The history of network analysis can be traced back to the Book of Genesis and the list of who “begat” whom (Freeman, 2004). More recently, in 1851 Lewis Henry Morgan, one of the founders of American anthropology, found that tribes of native Americans, such as the Iroquois and Ojibwa, had a consistent system of naming relatives that was entirely different from European nomenclature. The Iroquois and Ojibwa system has a feature called bifurcate merging, which means that the same word is used for “father” as for “father's brother” (i.e., they are merged), while distinct words are used meaning “father's brother” and “mother's brother” (they are bifurcated; Morgan, 1851/1997).
Modern network analysis started in the 1930s as an attempt to formally capture with a diagram of nodes and edges between nodes the more nebulous interpersonal relationships among members of a social group. Moreno (1934) invented the sociogram as a data structure to represent relationships between pairs of members of a well-defined set. For example, the set might consist of members of an elementary school, and the relationships might be necessarily reciprocal such as playing together or being enrolled in the same class, or not necessarily reciprocal such as expressing friendship toward or receiving advice from. From a mathematical perspective, a sociogram is a type of graph (described formally later), and soon after Moreno's and other's work, the area of sociometry was established. Later, the interdisciplinary area of social networks flowered, which Freeman (2004) characterized by the following properties:
• intuition based on ties linking social actors,
• systematic empirical data,
• graphic imagery,
• mathematical and/or computational models.

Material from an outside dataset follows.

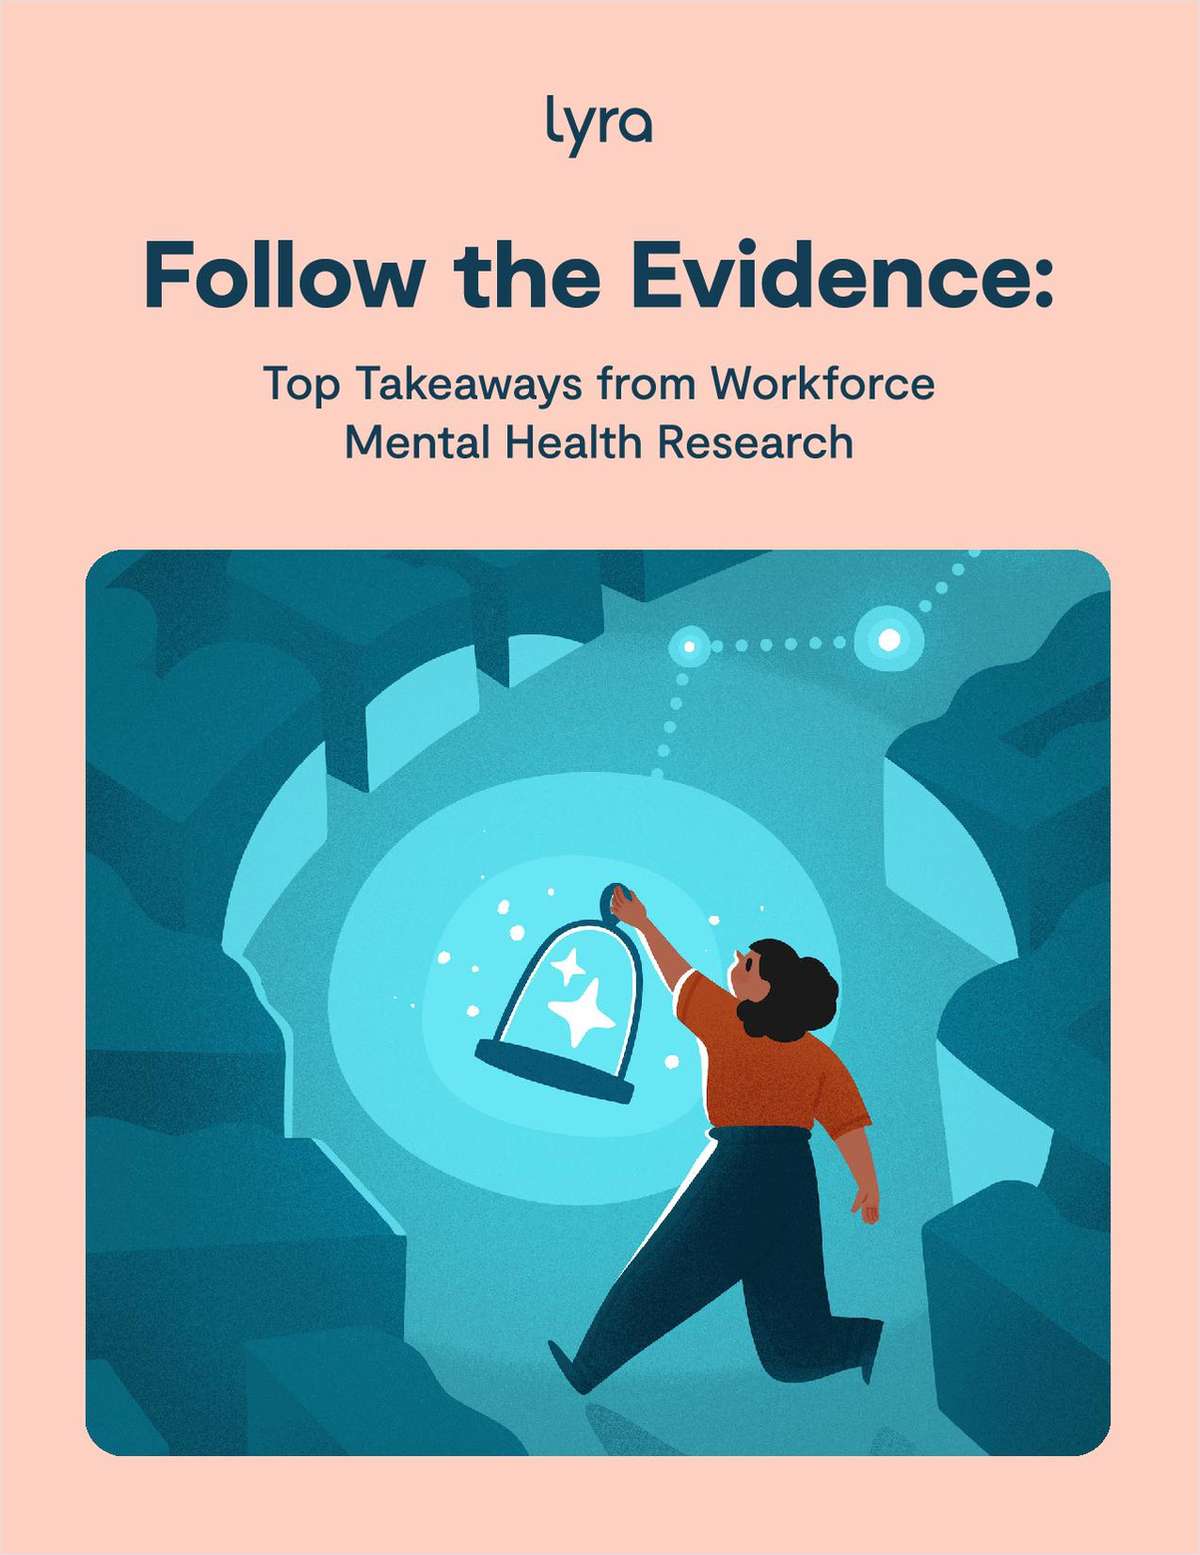 Follow the Evidence: Top Takeaways from New Employee Mental Health Research

Since the late 1990s, there has been an explosion of interest in networks of all kinds, e.g., neural networks, health-related networks, economic networks, semantic networks, as well as networks in computer science, physics, sociology, and psychology. In fact, the term network science is well-established today, and it refers to a rapidly growing interdisciplinary area that reaches well beyond the areas of sociometry and social networks. There has been a confluence of forces that have led to the explosion of interest in network science. First, there have been substantial recent increases in mathematical, computational, and statistical tools that can be used to analyze networks. Second, on the empirical side, through the Internet and related information technologies, it has become possible to collect very large sets of network data.